You are making a JSONP request, but the server is responding with JSON.

The browser is refusing to try to treat the JSON as JSONP because it would be a security risk. (If the browser did try to treat the JSON as JSONP then it would, at best, fail).

See this question for more details on what JSONP is. Note that is a nasty hack to work around the Same Origin Policy that was used before CORS was available. CORS is a much cleaner, safer, and more powerful solution to the problem.


It looks like you are trying to make a cross-origin request and are throwing everything you can think of at it in one massive pile of conflicting instructions.

You need to understand how the Same Origin policy works.

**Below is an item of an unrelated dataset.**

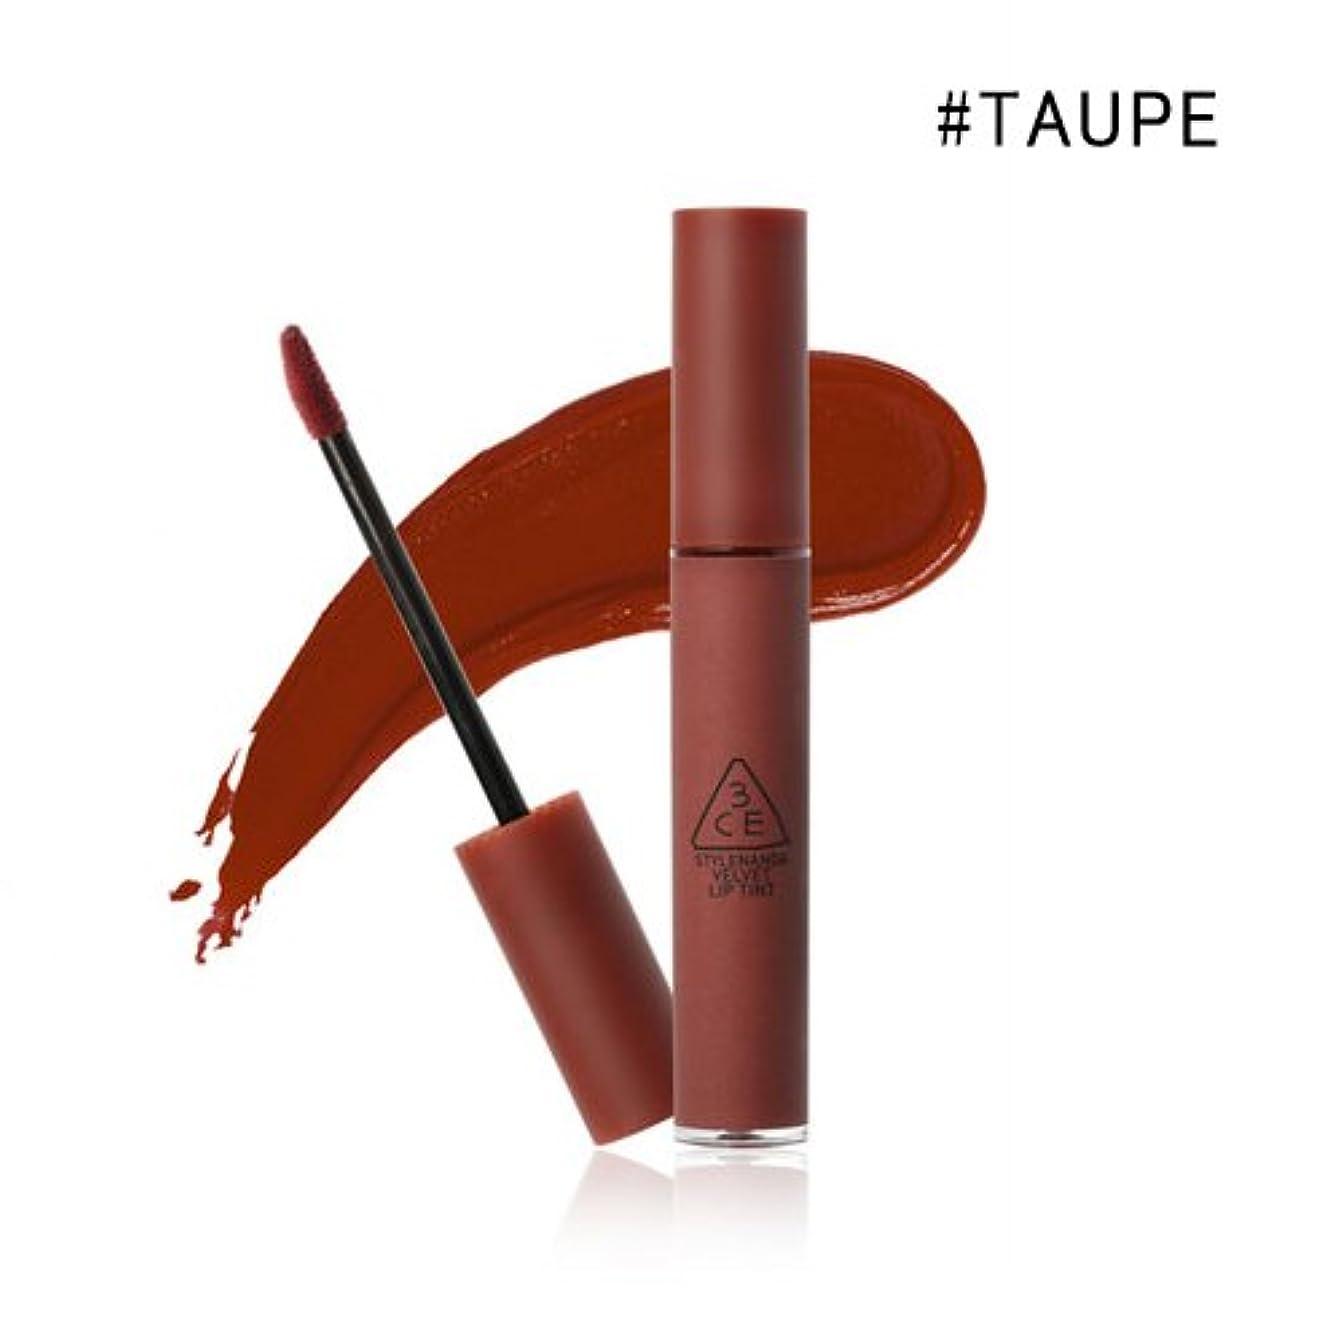 テーマ悲観的騒ぎ3CE VELVET LIP TINT / ベルベット リップティント (4.0g) (#TAUPE)

See this question for an in-depth guide.


Now a few notes about your code:

contentType: 'application/json',
  • This is ignored when you use JSONP
  • You are making a GET request. There is no request body to describe the type of.
  • This will make a cross-origin request non-simple, meaning that as well as basic CORS permissions, you also need to deal with a pre-flight.

Remove that.

 dataType:'jsonp',
  • The server is not responding with JSONP.

Remove this. (You could make the server respond with JSONP instead, but CORS is better).

responseType:'application/json',

This is not an option supported by jQuery.ajax. Remove this.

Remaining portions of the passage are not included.